Peralta tried a second time to meet with the Safety Manager.  When that failed he sought counsel, who contacted Joule on January 7, 2008, requesting treatment.  On January 17, 2008, Peralta filed a workers’ compensation claim and was treated or examined by five doctors.  Eventually he received $5,000 in a workers’ compensation award.

Peralta was medically cleared to return to work commencing January 24, 2008.  However, he never received any further work assignments from Joule.  Thereafter he sued in civil court contending that he was terminated in retaliation for filing a workers’ compensation claim.  He also alleged a violation of the New Jersey Law Against Discrimination.  Joule countered that it did not terminate Peralta’s employment.  Rather, he received no more assignments because of a downturn in the economy.

The trial court granted summary judgment to Joule and Peralta appealed.  First, the Appellate Division held that retaliation claims in workers’ compensation should be analyzed under the “burden shifting” approach of McDonnell Douglas Corporation v. Green, 411 U.S. 792, 93 S. Ct. 1817, (1973).  The Court said that Peralta must prove that he made a claim for workers’ compensation benefits and was discharged in retaliation for making that claim.  The Court said that under McDonnell Douglas, once Peralta establishes a prima facie case, there is a presumption of retaliation.  The burden then shifts to the employer to rebut the presumption by offering a legitimate reason for its treatment of the employee.  The Court said, “Although the reported cases under the WCA (Workers’ Compensation Act) do not specifically refer to the McDonnell Douglas burden-shifting framework, the logical underpinnings of the WCA’s antidiscrimination provisions make it sensible to apply such an evidential framework to WCA-based retaliation claims.”

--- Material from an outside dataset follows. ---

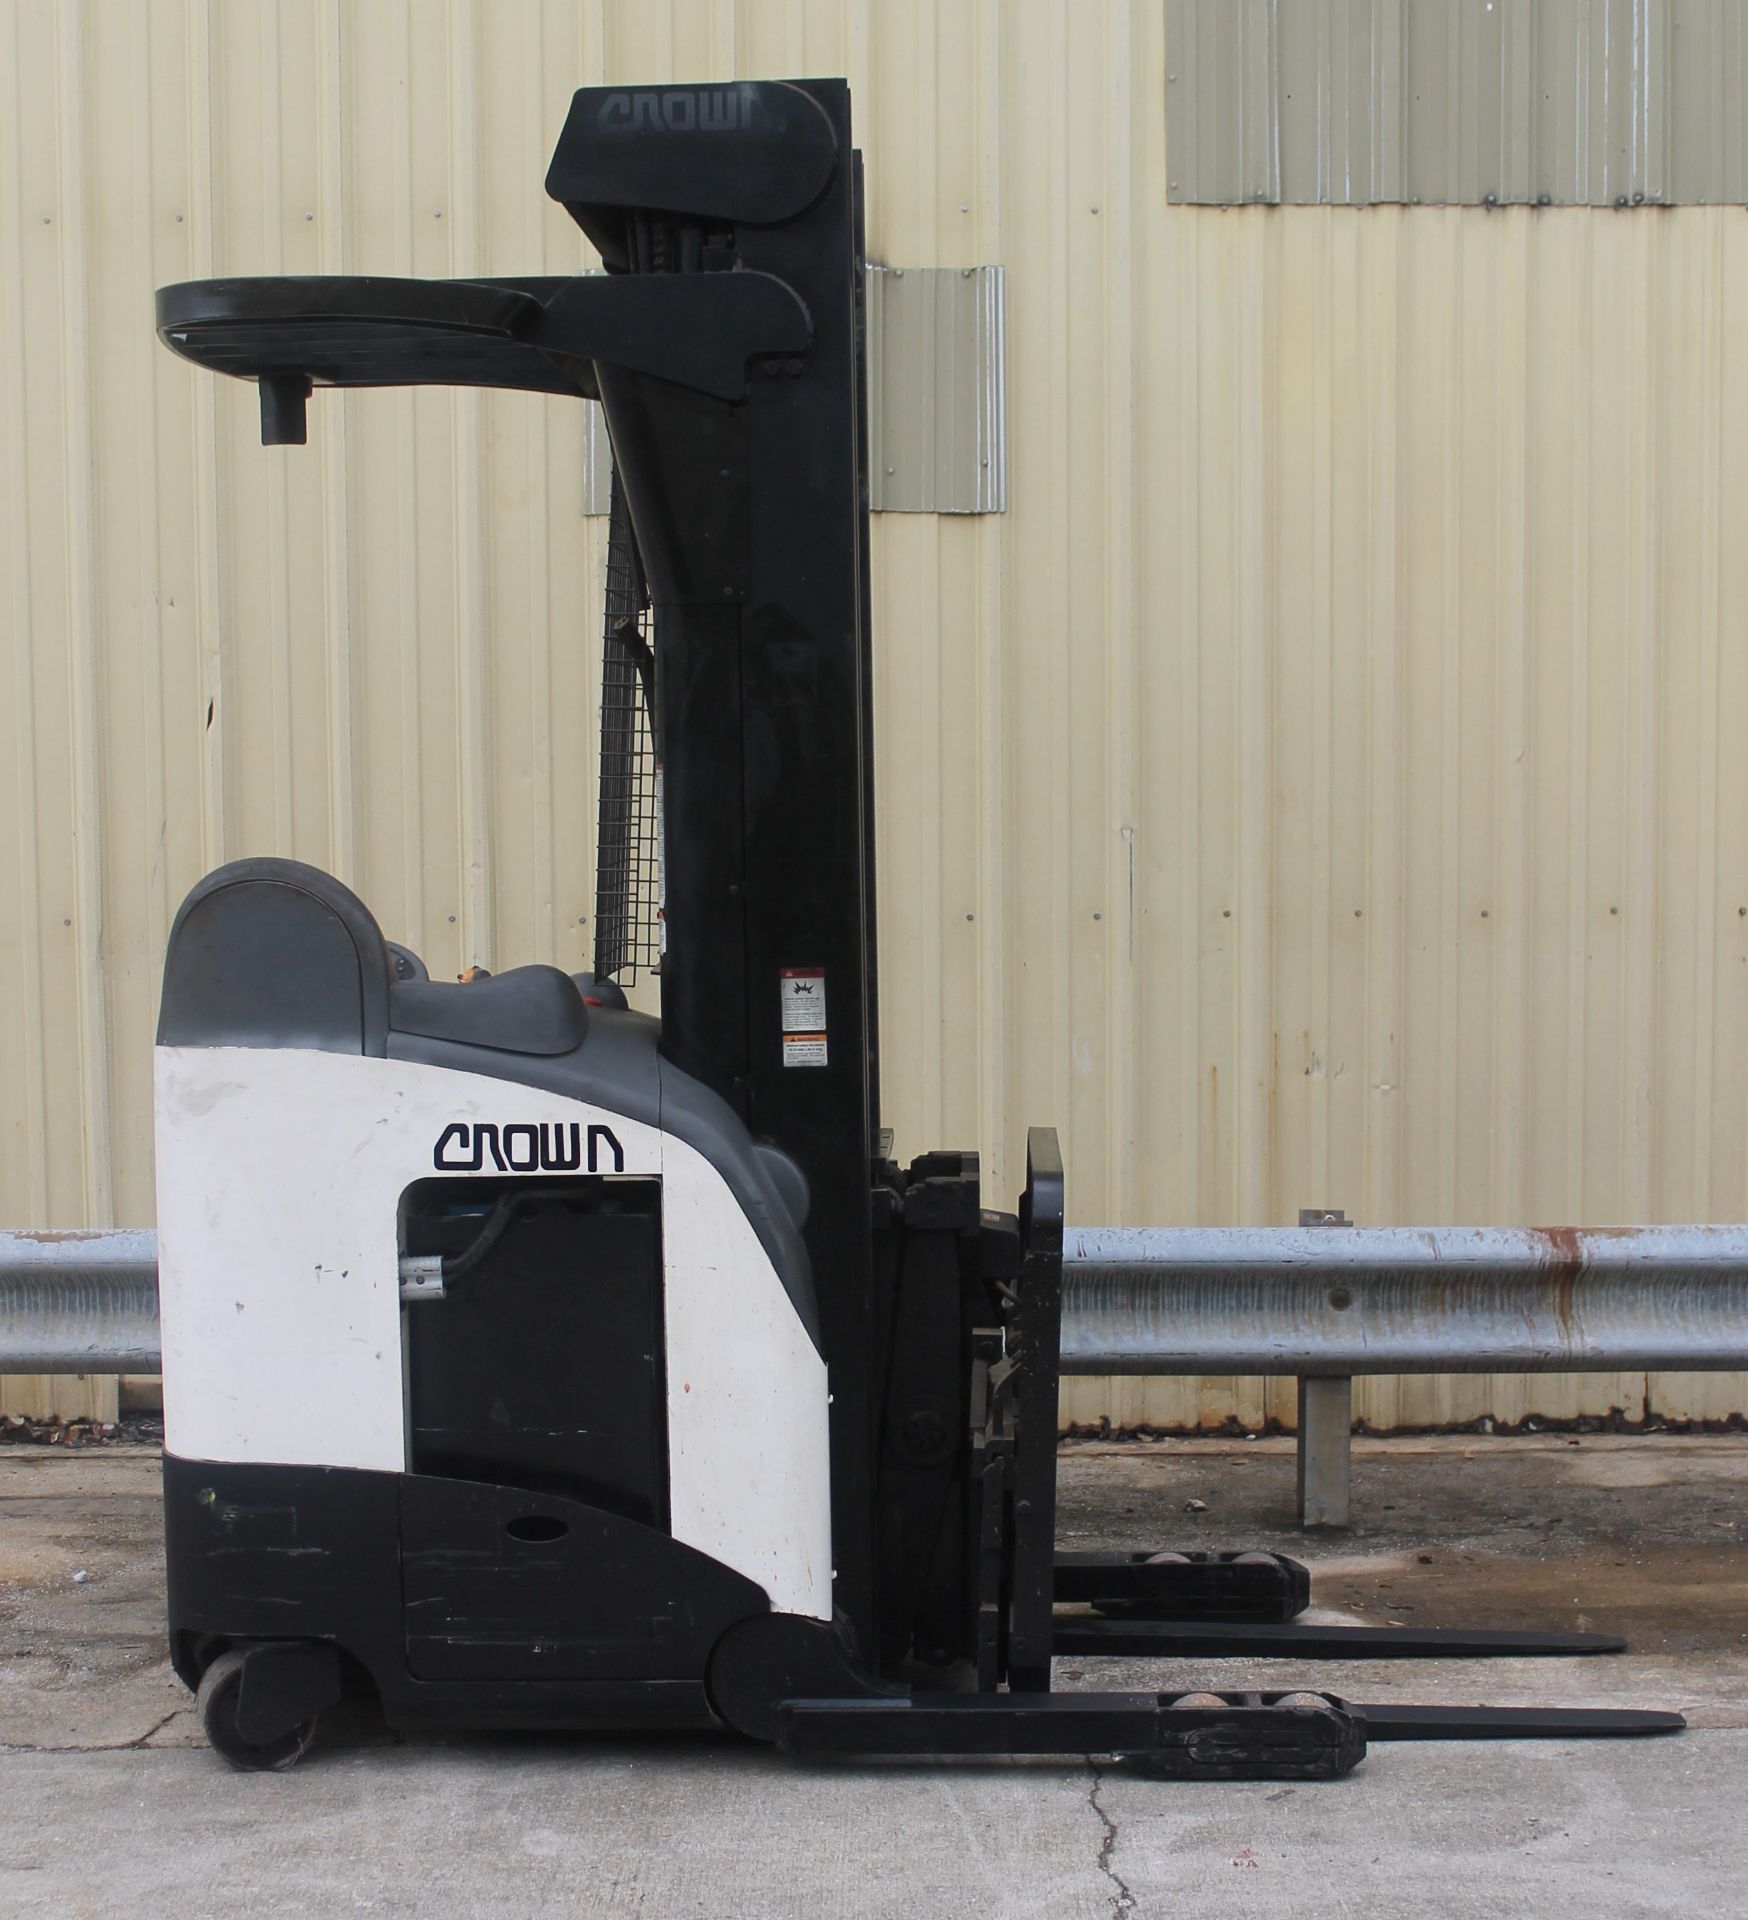 CROWN RD 5000 SERIES NARROW-AISLE REACH TRUCK, DOUBLE REACH, (WATCH VIDEO) - Image 2 of 6

 Using this approach, Peralta argued he made out a prima facie case because he was injured, filed a compensation claim, and thereafter never got any more work assignments.  That shifted the evidentiary burden to Joule.  The Court ruled thatJoulesuccessfully rebutted Peralta’s proofs by showing that it had a legitimate, non-discriminatory reason for not sending Peralta more assignments.  The company reduced its business during the recession years and eventually closed thePassaic,New Jerseyoffice where Peralta had worked.

In addition, the mere fact that plaintiff failed to receive more work assignments after his injury at CDS and the filing of his compensation claim does not furnish a sufficient basis to infer that unlawful discrimination or retaliation occurred.  Temporal proximity alone is generally insufficient to support an inference of a causal connection as part of a prima facie case of discrimination, unless the timing at issue is ‘unusually suggestive.’

The Court said that Peralta had not been able to rebut the legitimate reason offered by Joule for not sending Peralta back to CDS or giving him further assignments.  Therefore, the Court affirmed the dismissal of Peralta’s case.